The professionalization of architecture falls into three periods, each lasting about fifty years. From 1857 to 1899, architects organized the American Institute of Architects and began to lobby state legislatures for recognition. Illinois was the first to define and restrict architectural practice in 1899, but it took fifty-two years (in 1951) for Wyoming to complete that process. The profession continued to evolve during the century’s second half but may have entered yet a fourth phase, with the very definition of architectural practice being called into question. “If public health and safety are the main motives for ‘Title & Practice’ laws, and there seems to be little difference between buildings designed by architects and those designed by non-architects,” the public asks, “what’s gained for the public welfare?” We may see a day when anyone can practice architecture and malfeasance will be judged in the courts.

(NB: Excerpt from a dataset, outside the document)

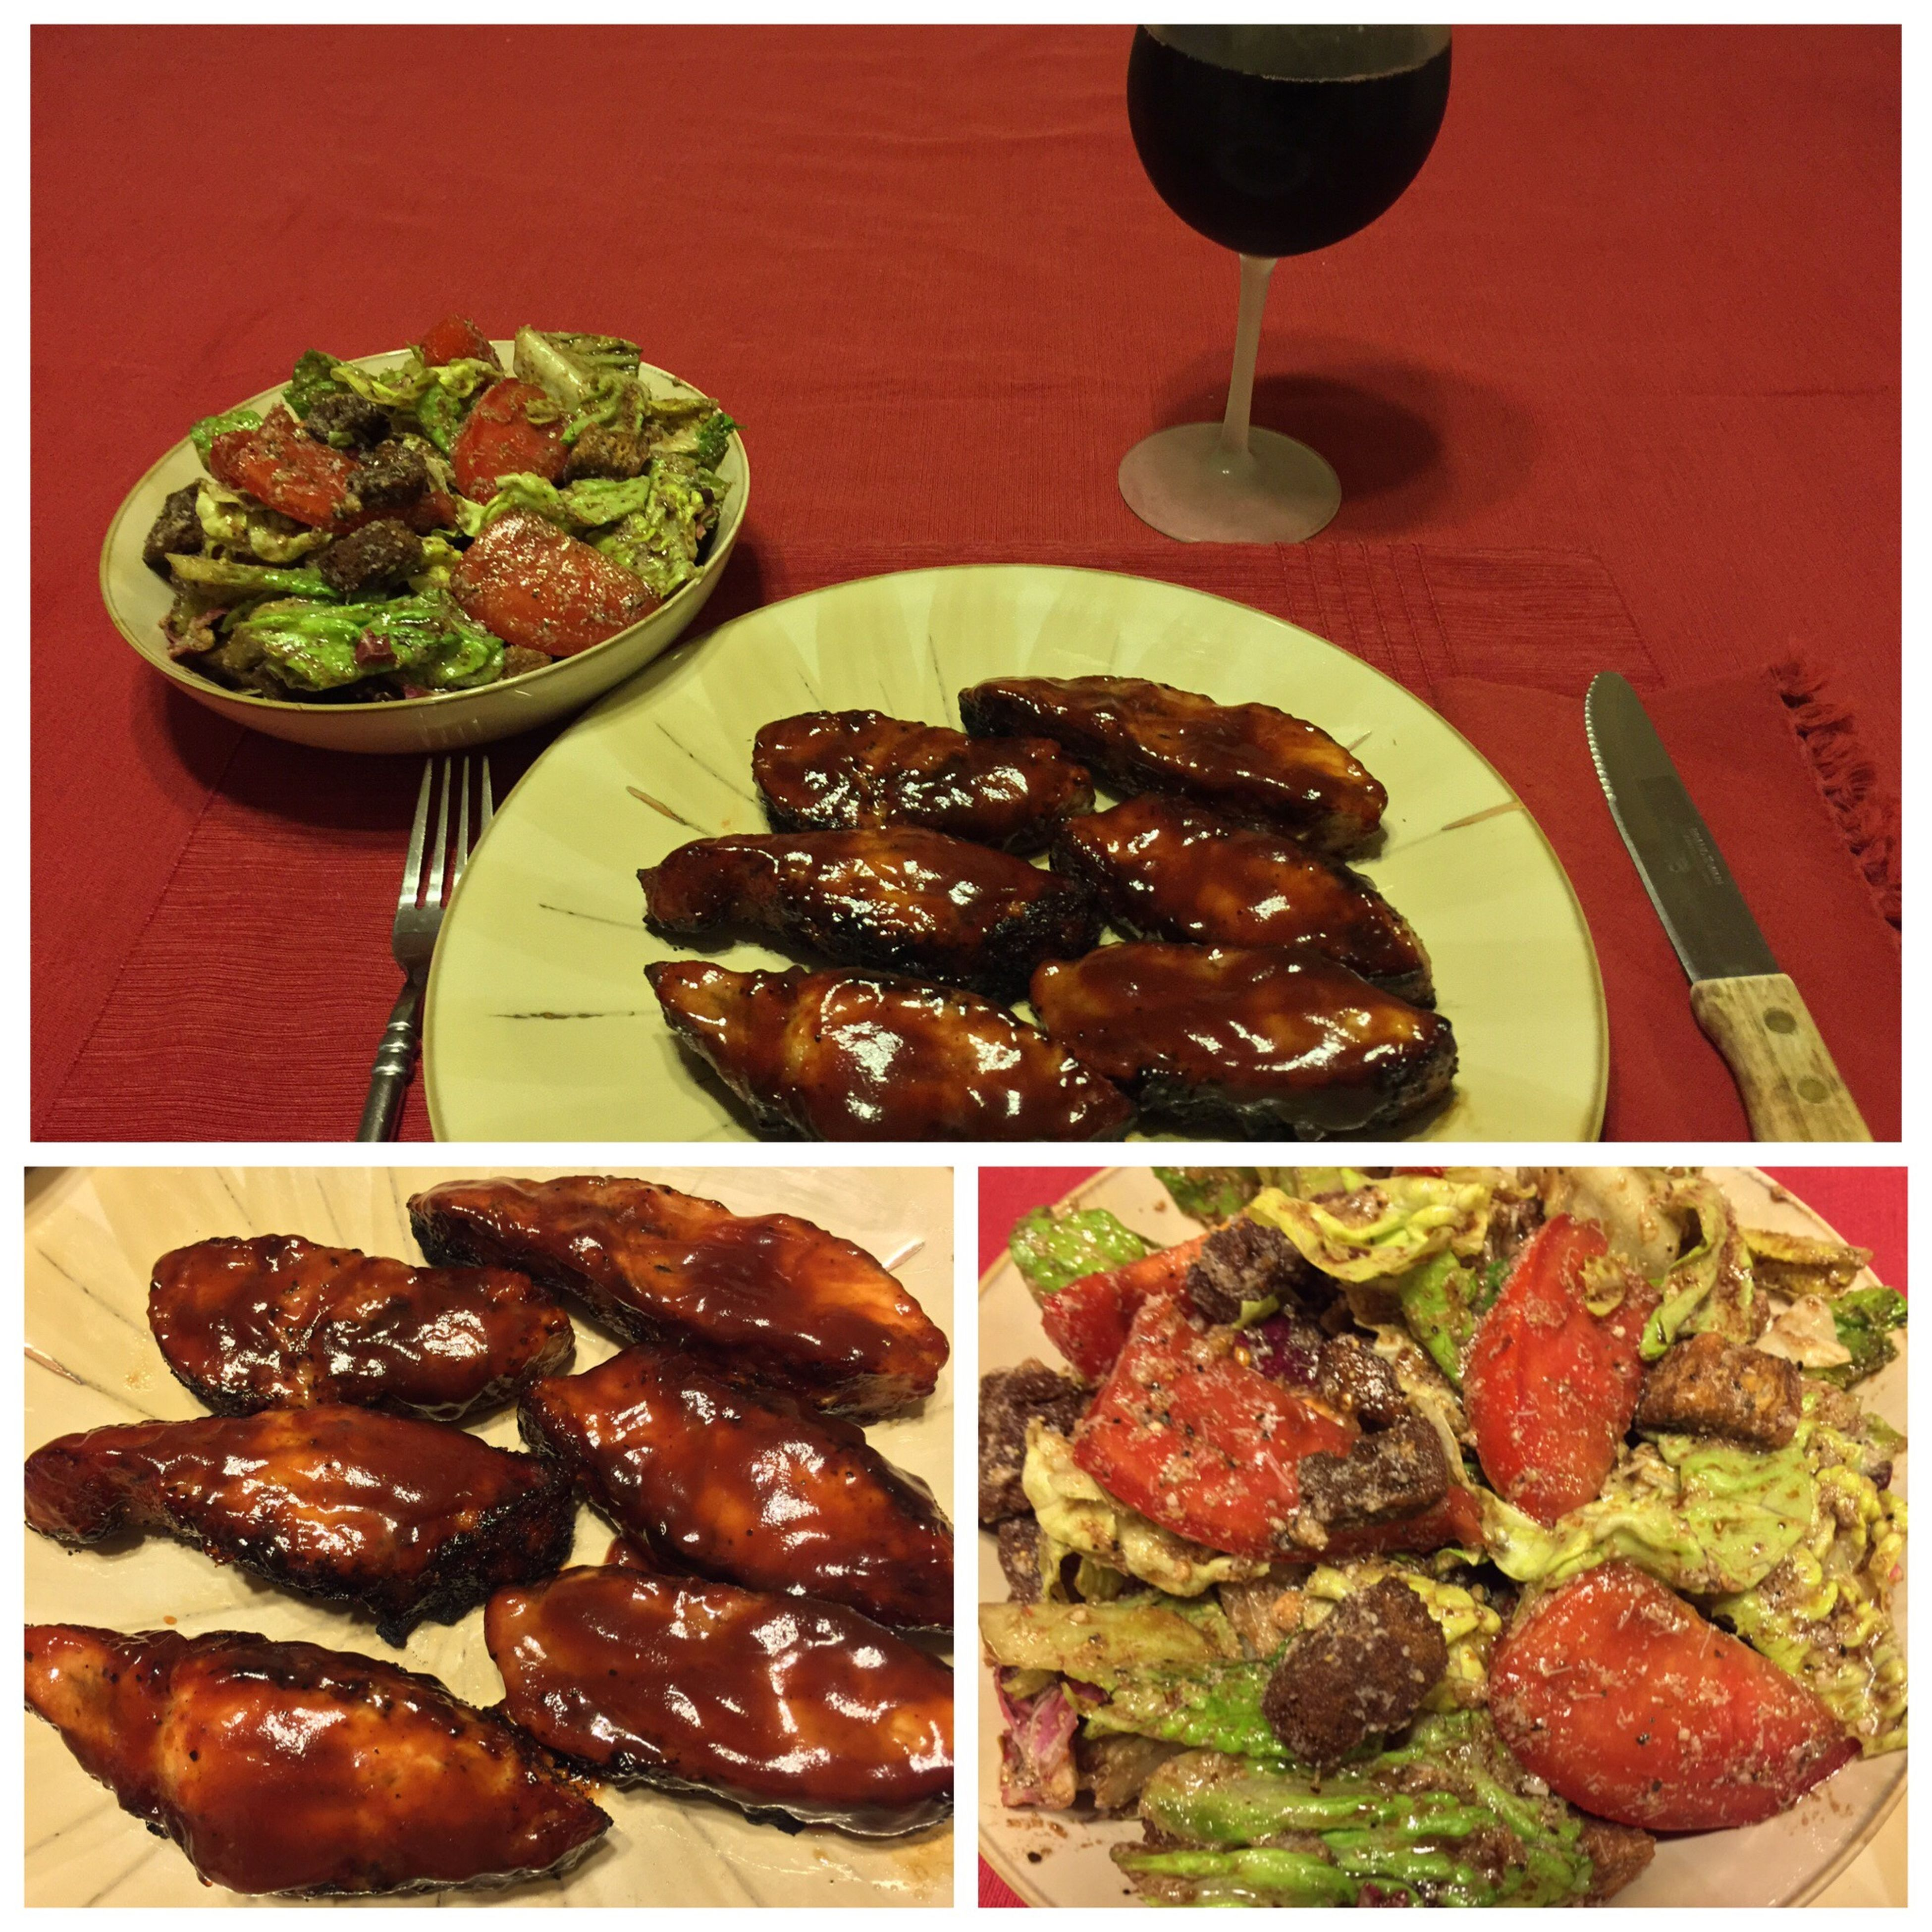 Tonight, I grilled boneless pork ribs with a pineapple BBQ sauce. Served with a nice salad and my homemade 2013 Italian Barbera wine. ICanCookMyAssOff ItsAnItalianThing Grilling HomemadeItalianWine Nomnombomb Food Porn Awards MyFoodPics Food Porn

The A-A phenomenon straddles the transition from Phase I to Phase II.

Late 19th century practice increased complexity in several ways:

  • Partnerships increased in number for two reasons: specialization among the partners and/or multi-city and multi-state practice;
  • Specialization allowed firms to dominate certain building types; and
  • Advertising in periodicals facilitated regional and even nationwide practice.

The project has identified several firms that exhibit these characteristics, and yesterday’s post has added one more to the list: Coburn & Barnum of Cleveland, Ohio.

Forrest Coburn and Frank Barnum joined forced in 1878; Coburn was thirty and Barnum was just two years younger. In nearly twenty years of practice, others came and went, but their work was limited to northern Ohio. A diverse but typical list of projects includes a dozen churches, mostly Protestant and all but one in Cleveland.

C&B seem to have designed two First Congregational buildings for the same site in west Cleveland, one in 1883, the other ten years later. It could be a case of replacement (due to fire, for example) or a project that was phased (sanctuary first and Sunday School later). Photos of the now-demolished church, however, reminded me of North Presbyterian Church on the other end of the city (and still standing), a building which was also designed by C&B. So I’ve begun to explore their output and can report at least one other design — Olivet Baptist of 1894 — with Akron characteristics. C&B weren’t major players in the A-A phenomenon, but they were no mere copyists.